Jessica Halloran: Yeah, I think Jelena’s story is quite the anomaly in that she’s sort of the lone person who has come forward in the world of sport… I mean, we’ve had Athlete A, which is an incredible series. But as a lone person, coming forward and telling her story like she has, I think that’s incredibly powerful.
For me, I feel like there are so many women sports stories, past and present, that need to be told and told well. Not just skimming over the surface. So, her story inspired me to hopefully do more work like this.
Ivan O’Mahoney: When I see people display this kind of bravery that she has, I think it just makes me want to amplify the voice and amplify the message, and help shape it as a storyteller in a way to partner with people who have gone through trauma like that, and who are coming out of the other end incredibly strong and resilient. Those who can help others by sharing their story, and removing the stigma on certain issues.

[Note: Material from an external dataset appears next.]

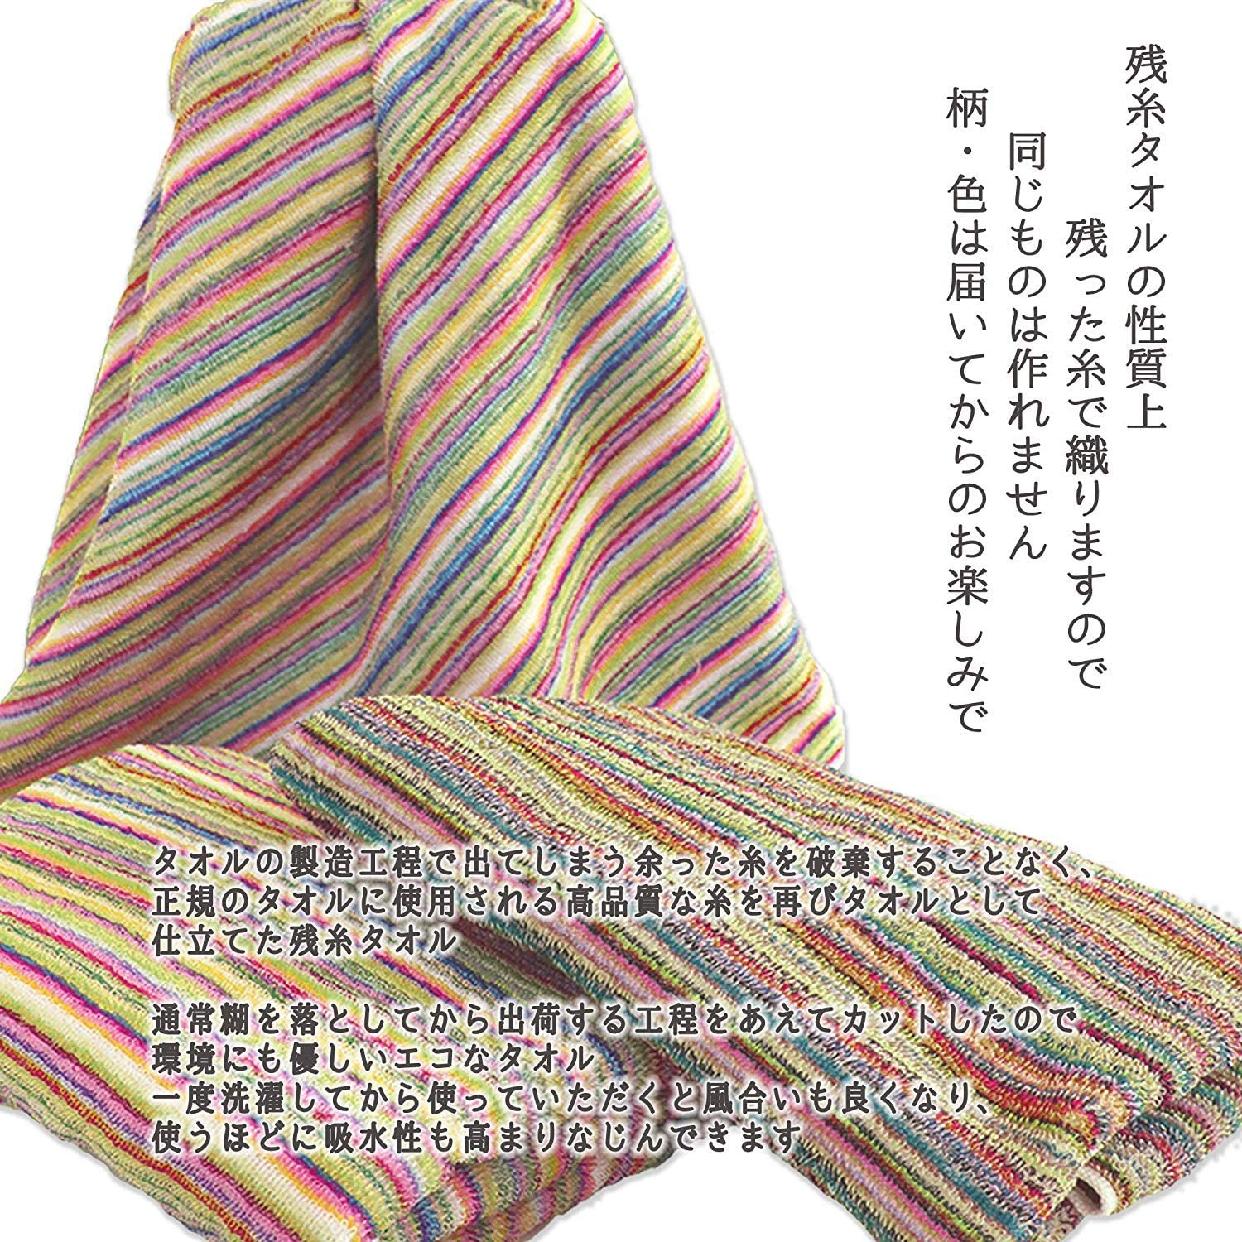 TANGONO(タンゴノ) 残糸で作ったエコなタオルセット 今治産タオルの商品画像3

We’ve been involved in a number of projects like this, and we’re doing another one at the moment. It just sort of makes you feel like you have the tools to do it, so you kind of owe it to society to use them to the best of your ability. And I think that’s what this documentary is ultimately about.
Thank you so much to Jessica and Ivan for their time, and to Roadshow Films and M4M Agency for organising the interview. Unbreakable: The Jelena Dokic Story is in Australian cinemas from November 7.